What’s Really at Stake: The And Tango Makes Three Ruling and the Slippery Reasoning That Fails Us
A Florida judge ruled authors and students lack First Amendment rights in libraries, granting political control over public access and professional curation of ideas.

A recent ruling in Escambia County, Florida, struck down a First Amendment challenge to the school board’s removal of And Tango Makes Three, a children’s picture book about two male penguins raising a chick. The decision rested on a deeply concerning premise: that neither authors nor patrons (students) hold First Amendment rights with respect to a library collection. In other words, the court said: you have no constitutional right to expect certain perspectives and ideas to be made available.
That line of reasoning is more than a legal footnote; it is a warning sign of how much can be lost when we allow weak rationales for censorship to gain legal legitimacy.
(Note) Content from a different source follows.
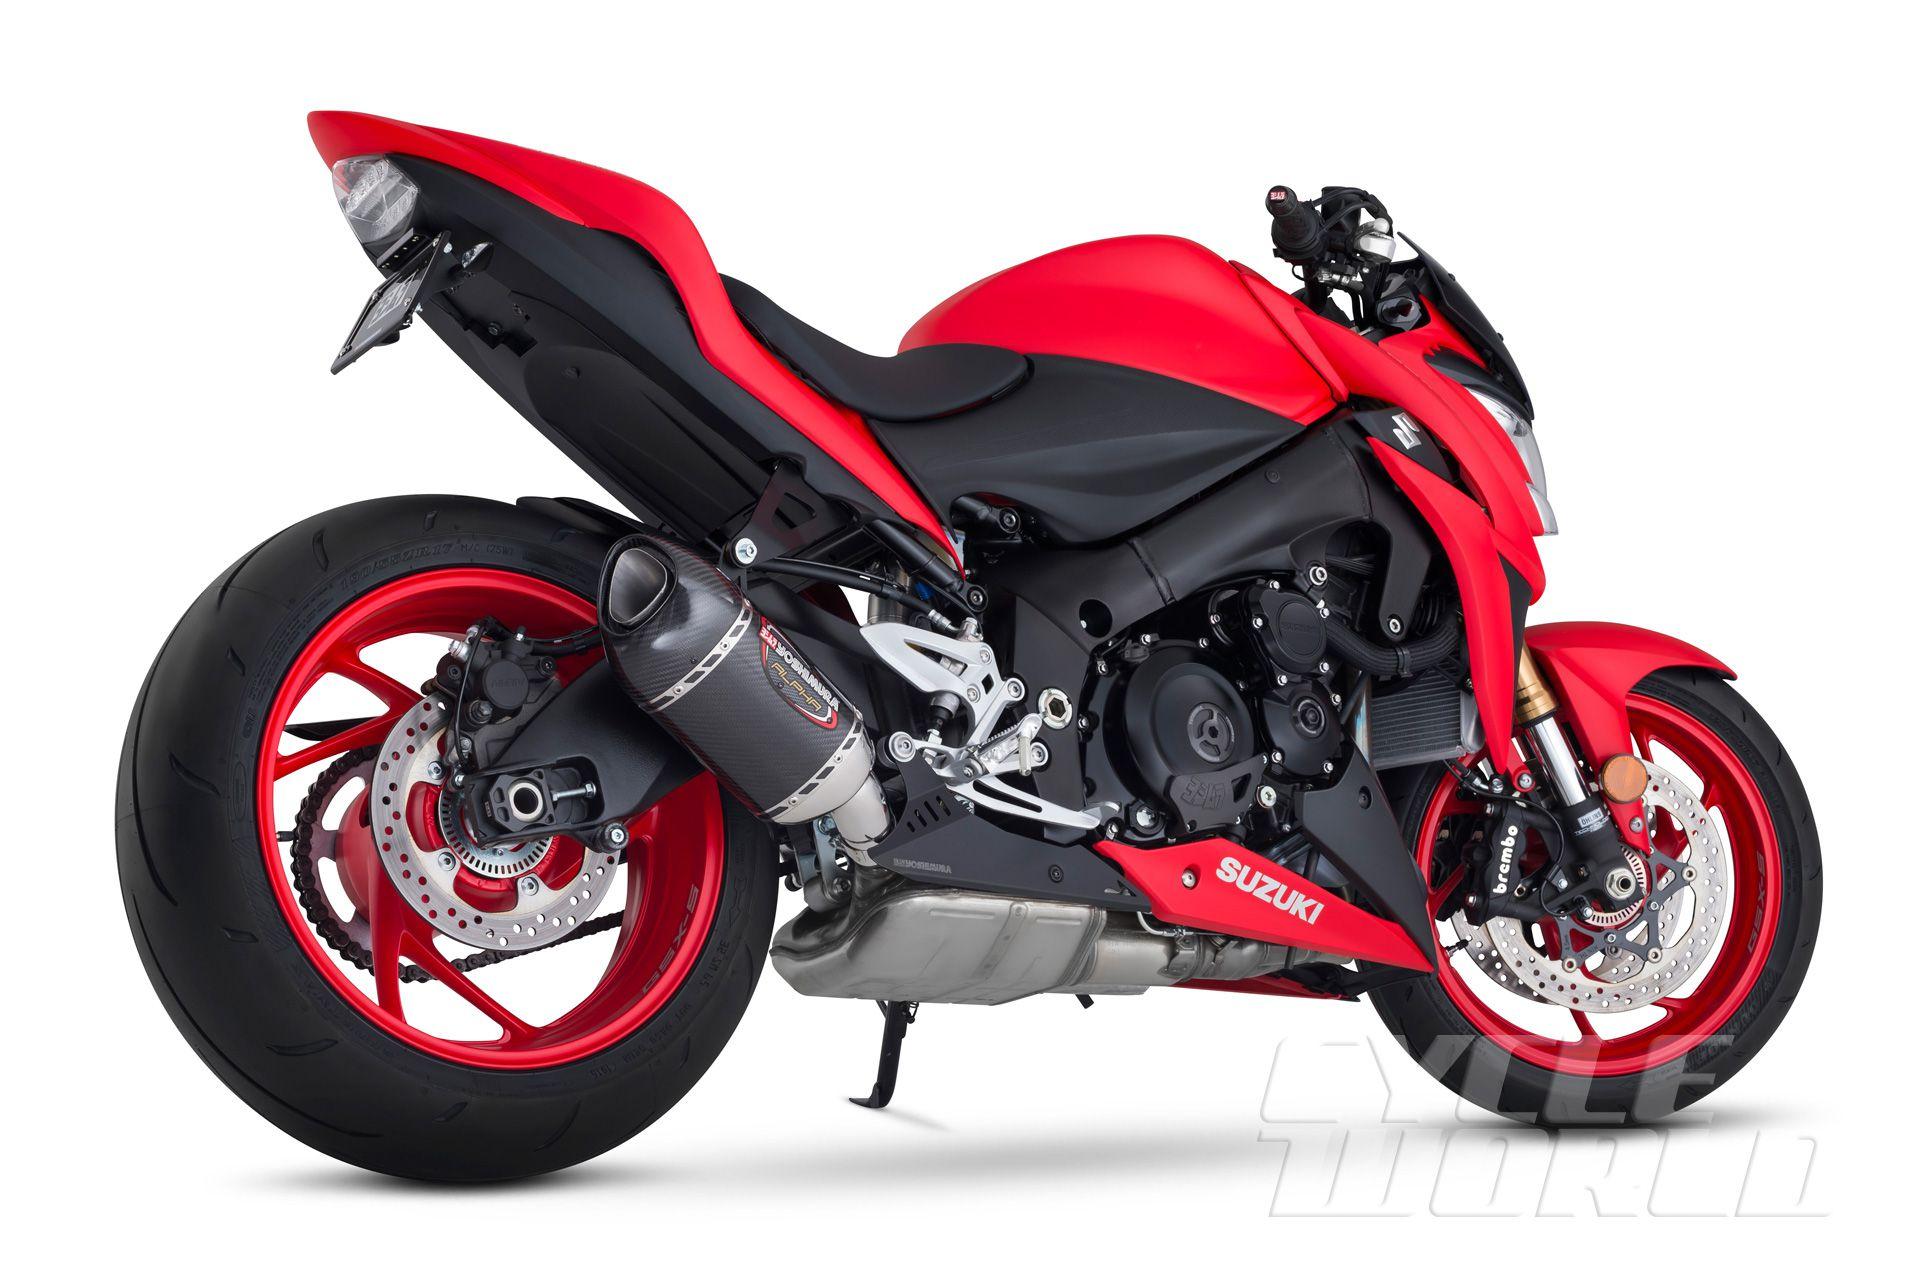 2016 Suzuki GSX-S1000 & GSX-S1000F Naked Motorcycles FIRST

Every excuse used to justify removal, or threaten removal, chips away at the principle that libraries, especially public and school libraries, serve as spaces for open exploration and learning, not instruments of political control.
Here’s how this ruling ties into the broader fight for the freedom to read and why we must not accept those arguments:
Excuse #1: “It’s not really banned. You can buy it elsewhere.”
This is perhaps the most pervasive dodge. Remove the book from public access, then argue that the remedy is another library, private purchase, or personal libraries. That logic ignores the core purpose of publicly funded libraries: equitable access. If only those who can afford or think ahead have access to certain ideas, then access is no longer public or universal, it’s a privilege. Unfortunately, the judge in the Escambia case accepted precisely this excuse, stating that students still had other means to get the book. That illustrates just how far the judicial reasoning has drifted from upholding library access as a public right to speech.
Excuse #2: “We’re only removing inappropriate books.”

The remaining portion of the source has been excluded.